Della Street said, “It’s nice business if you can get it. How old is she?”
“Around twenty-two or twenty-three according to her looks, but something she said made me place her at about twenty-five.”
“What did Opal Sunley tell you about what happened in Hocksley’s flat?”
“According to her story, she arrived for work at the usual time in the morning, saw bloodstains, went out to look at the automobiles, saw that someone had been riding in the back of Hocksley’s automobile, and spilling blood. She couldn’t find either Hocksley or Mrs. Perlin. So she notified the police.”
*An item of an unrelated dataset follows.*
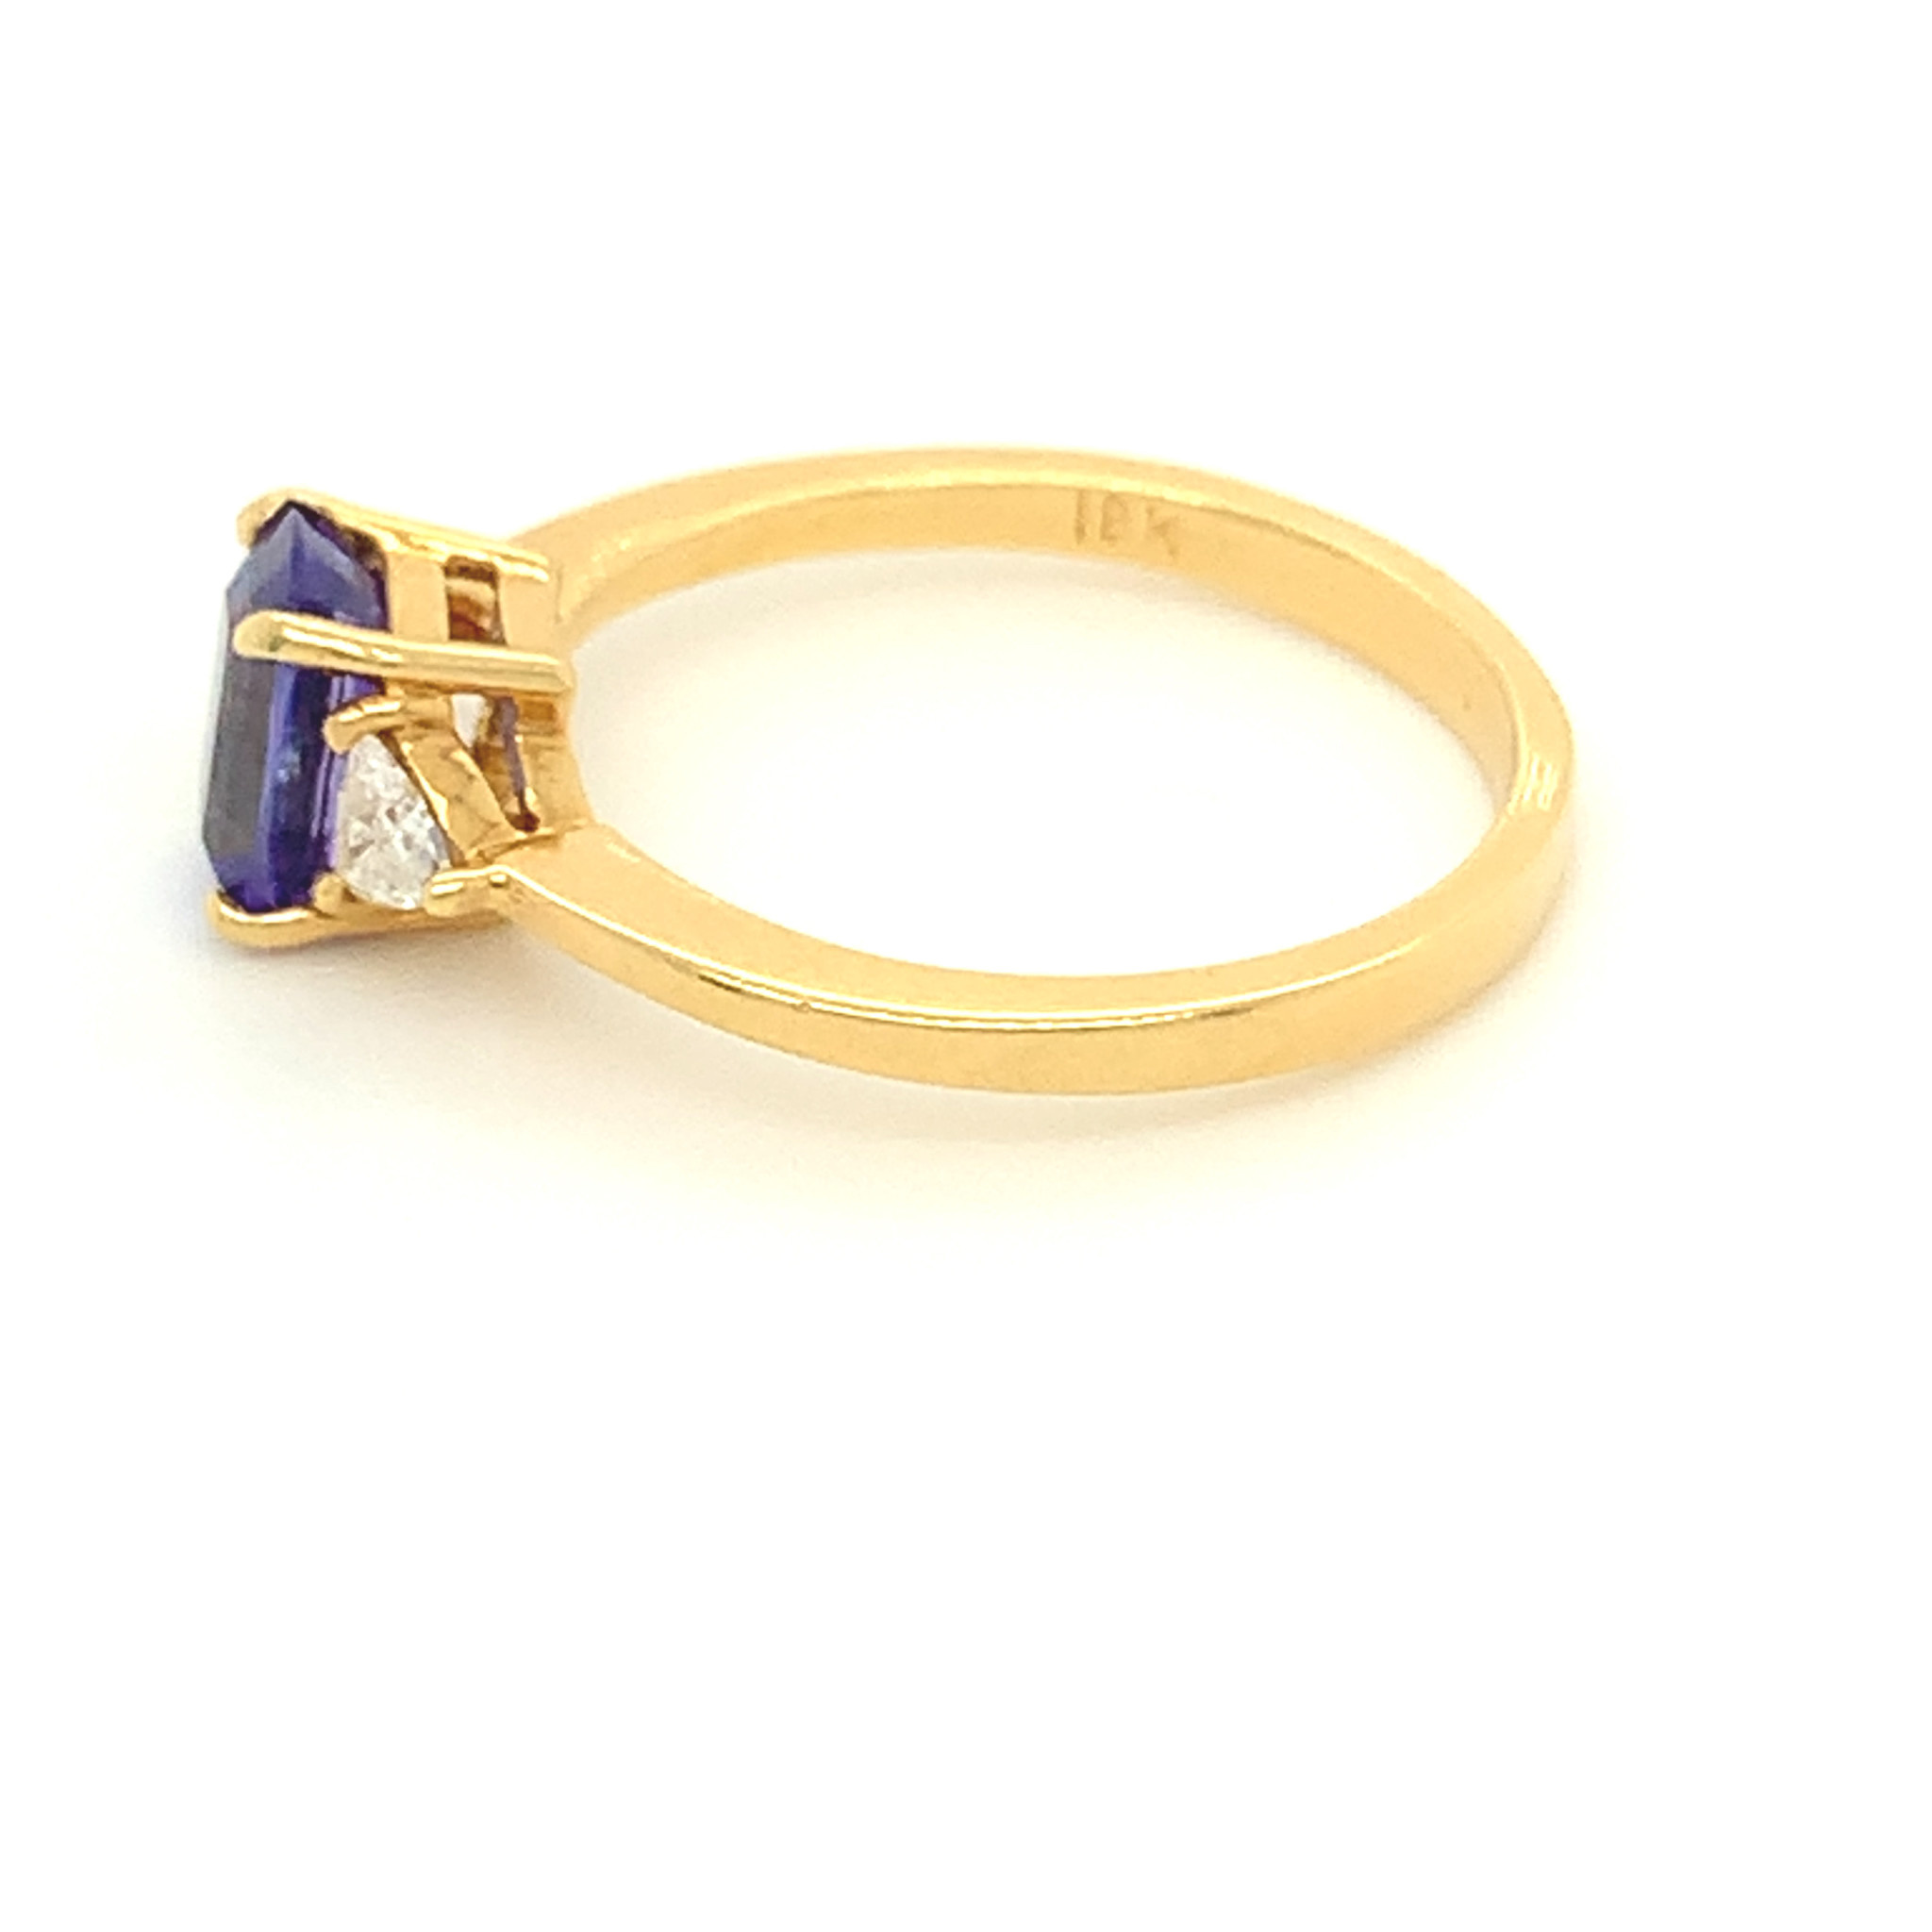 Freedman 18kt yellow gold Tanzanite & Diamond 3 stone Ring

“That’s all she told you?”
“Just about. I had to worm it out of her about her boy friend. I think that was the main reason she didn’t want the police to report her as having been in that bungalow at one-forty-five in the morning. Yet she was driving a borrowed car. I got the license number, of course.”
“The boy friend’s car?”
“No. Strangely enough it’s not. It belongs to a girl by the name of Ethel Prentice who is evidently a close friend of Opal’s — lets her take a jalopy in times of need.”
“Anything else?”
“Oh, she told a few things about her job over there. This man Hocksley was very much of a man of mystery, and so is Karr who lives in the flat above him. Somehow, that’s taxing credulity just a little bit too much. Two men of mystery drifting into an apartment house. They arrive within a week of each other, and, before that, the flats have been vacant for five months.”
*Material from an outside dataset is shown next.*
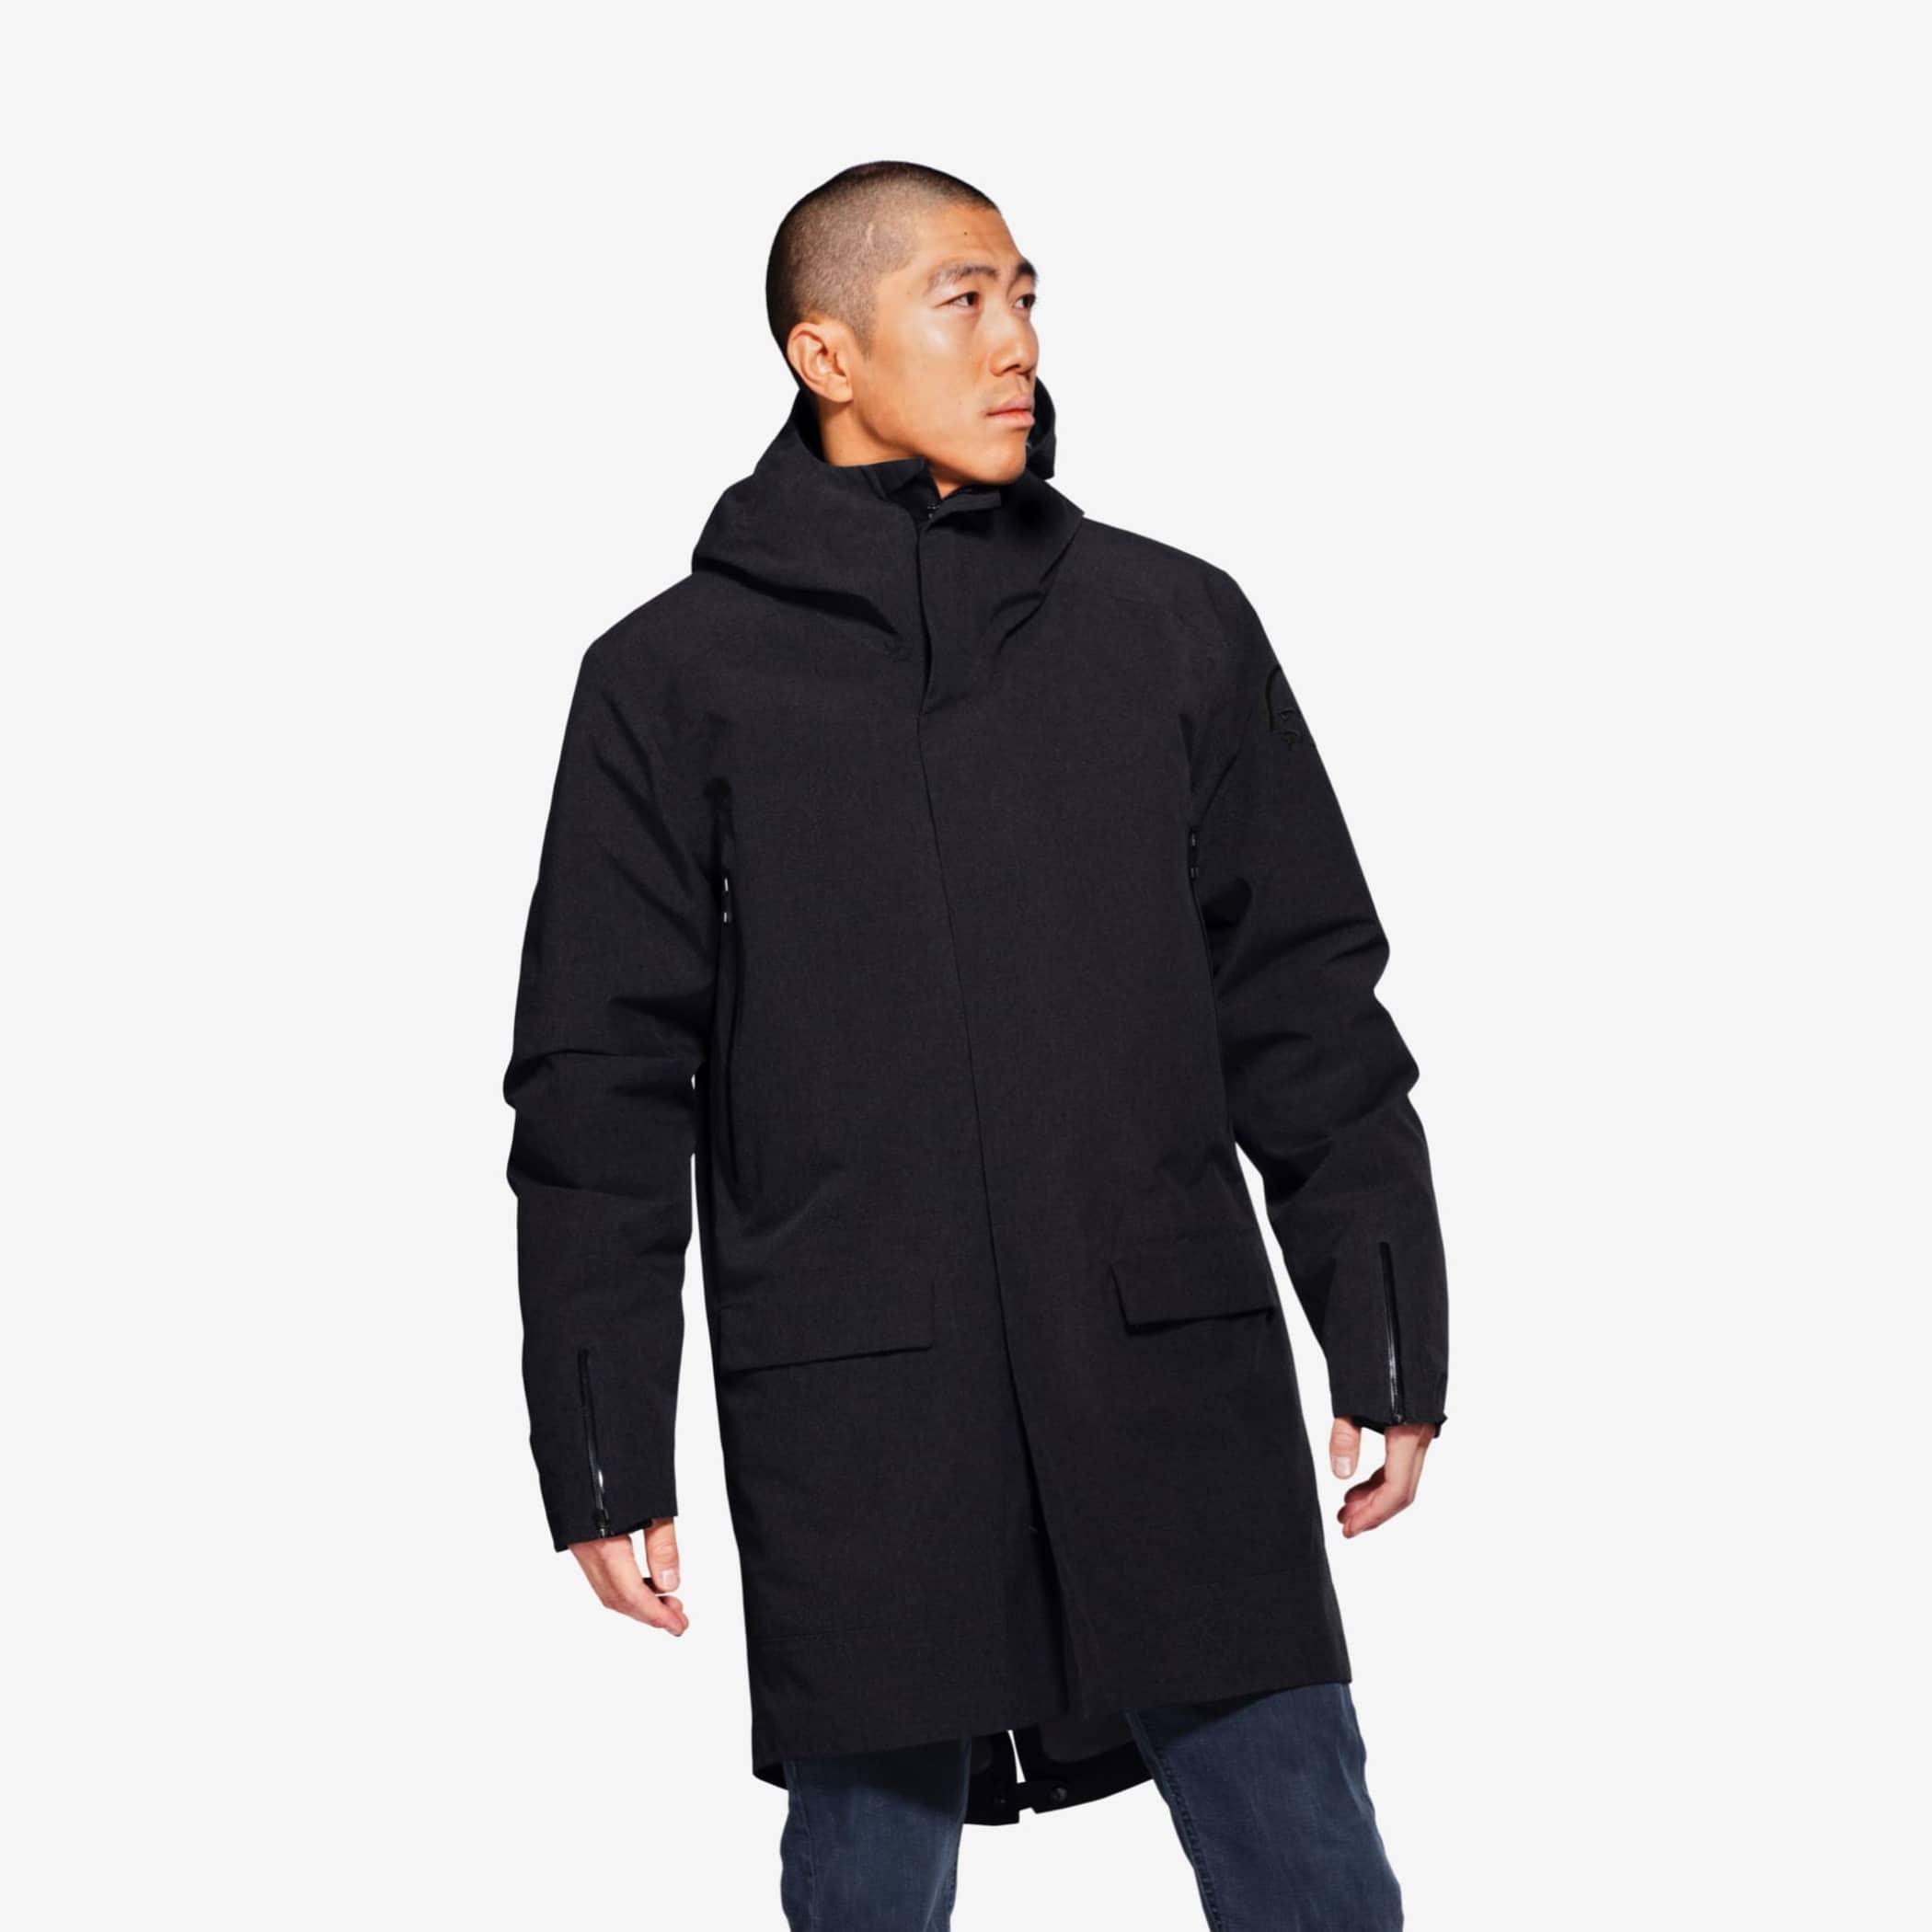 Sleeve, Black, Parka, Coat, Hood, Outerwear, Jacket, Clothing

“You think Karr and Hocksley have some connection?”
Mason shrugged his shoulders and said, “It’s rather a coincidence. Have you seen Karr’s ad in the paper?”
“No. What is it?”
“Opal Sunley told me about it — and said she noticed it because she’d seen Wenston’s name on the door of the other flat. It’s been running two days.”
Mason took the morning paper from the desk, opened it to the classified ad section, turned to the personals, and said, “Listen to this. ‘Personal. Wanted information concerning the daughter of the man who was a partner in a gun-running expedition up the Yangtze River in nineteen-twenty-one. Detailed information is purposely withheld from this advertisement, but the right party will know who I am, who her father was, and will be able to give proof of our association in the expedition in the fall of 1920, and the first part of 1921. I do not wish to be pestered, and, therefore, give warning that any imposter will be prosecuted to the limit of the law. On the other hand, the young woman who is the genuine daughter will be given a considerable sum of partnership assets which I have held for her in trust because I did not know until recently, and by accident, that my partner left any heirs at law. Do not seek to obtain an interview until after first writing Rodney Wenston, 787 East Dorchester Boulevard or telephoning Graybar 8-9351.’ ”
Mason finished reading the ad, pushed the newspaper to one side. Della Street pursed her lips. “Whew! And Opal Sunley told you about the ad?”
Mason nodded.
“I’d say that was rather significant, wouldn’t you?”
“Uh huh. Karr mentioned he started the ball rolling to clean up his partnership, but he didn’t mention this ad.”
“How did Opal happen to tell you about it?”
“Just talking.”
“What did she tell you about Hocksley?”
“Nothing much I didn’t know already. She got all of her work from wax cylinders. Hocksley dictated at night, and spent most of the day in bed.”